Tempat istirahat Akademi Shrek relatif dekat dengan pintu keluar arena, dan tidak butuh waktu lama bagi mereka untuk tiba di dekat pintu keluar.
“Tuan, Dugu Bo!” Ma Hongjun memanggil dengan ekspresi ketakutan.
Langkah kaki semua orang berhenti, dan hati mereka entah takut atau khawatir.
Sang master merenung sejenak dan berkata, "Ini adalah berkah atau bencana, ini adalah bencana yang tidak dapat dihindari, ayo pergi. Terlebih lagi, Dugu Bo tidak berani menyerang kita secara terbuka di depan begitu banyak akademi.
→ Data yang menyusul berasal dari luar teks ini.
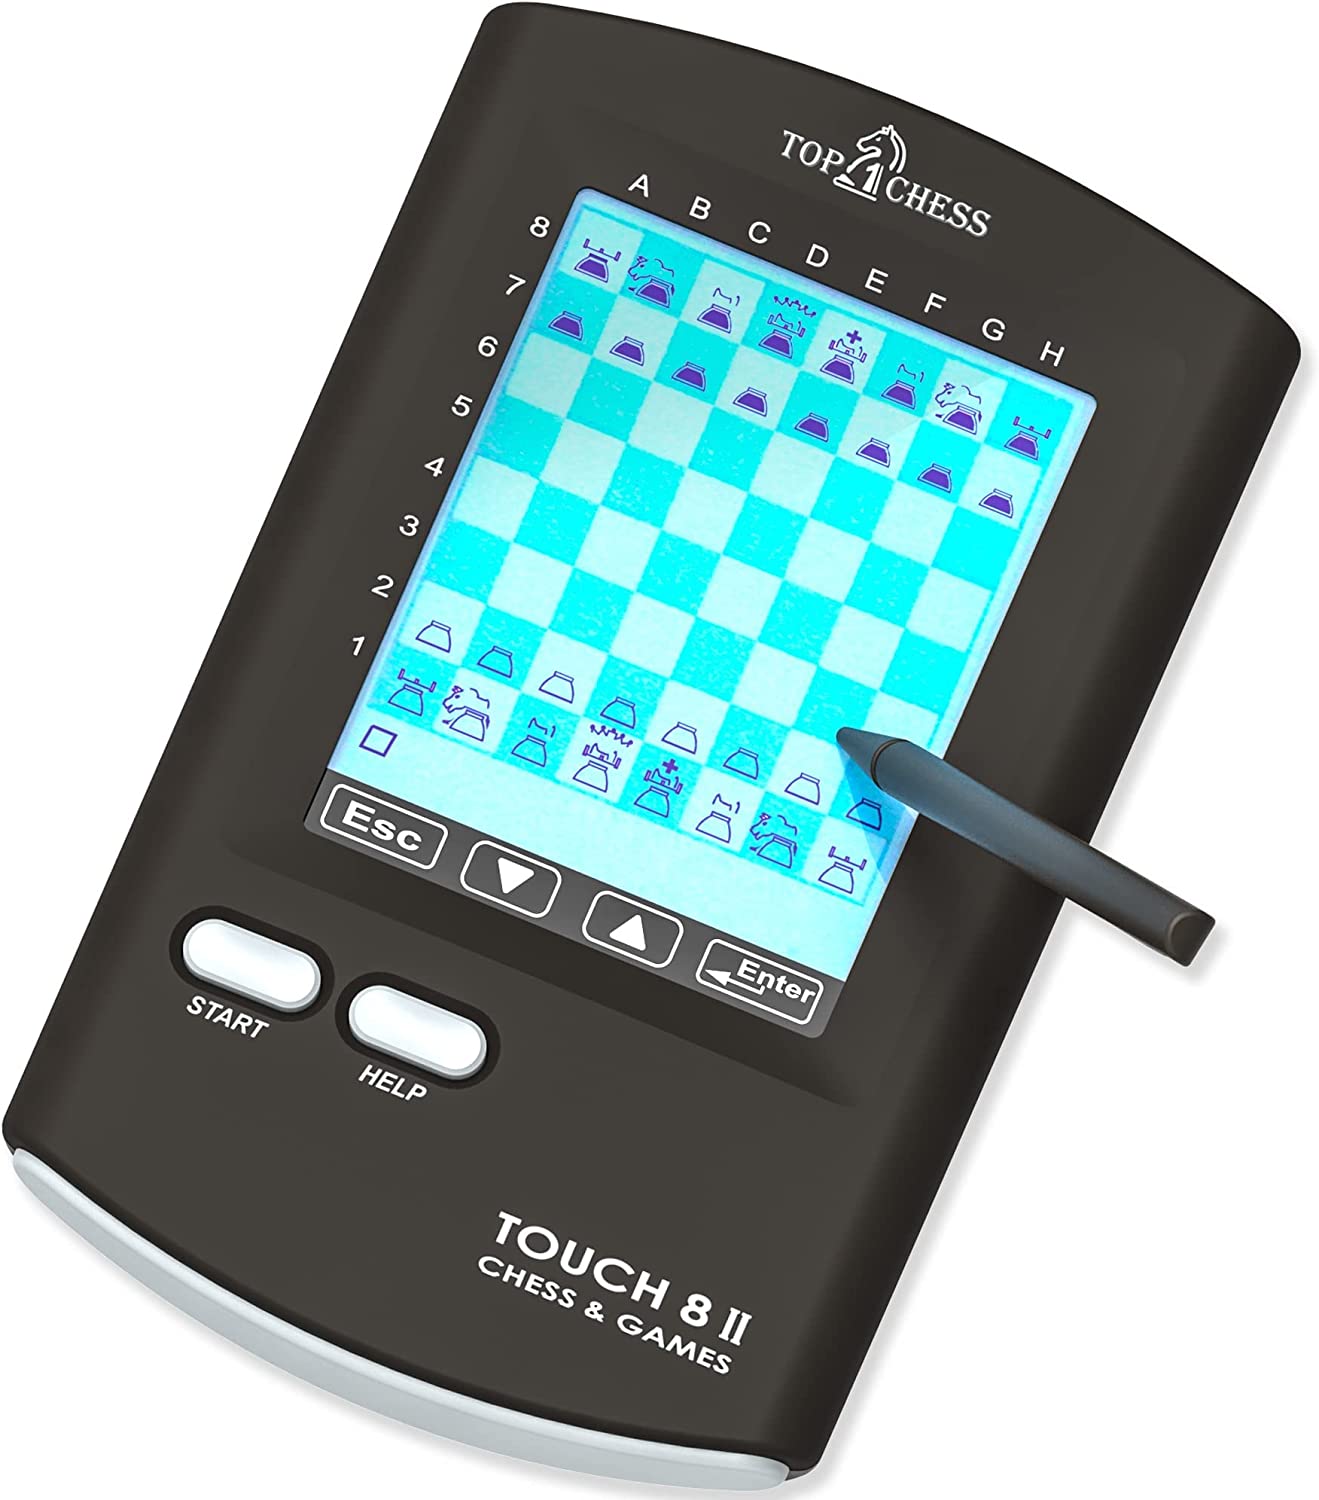 Top 1 Chess Mini Touch Electronic Chess Game, Strategy Games Computer Portable Travel Chess

Lagi pula, kami tidak memprovokasi dia."
Semua orang memiliki keyakinan di hati mereka dan terus pergi ke pintu keluar.
Meskipun tuannya mengatakan ini, semakin dekat mereka dengan Dugu Bo, semakin semua orang merasa bahwa mereka diselimuti oleh semacam ketakutan.
Saat itulah di Ao Mansion Dugu Bo meninggalkan bayangan yang tak terhapuskan di hati mereka.Ketika mereka melihat Dugu Bo, mereka tidak bisa menahan rasa takut.
Oscar dan Ma Hongjun sudah pucat, dan tubuh mereka sedikit gemetar.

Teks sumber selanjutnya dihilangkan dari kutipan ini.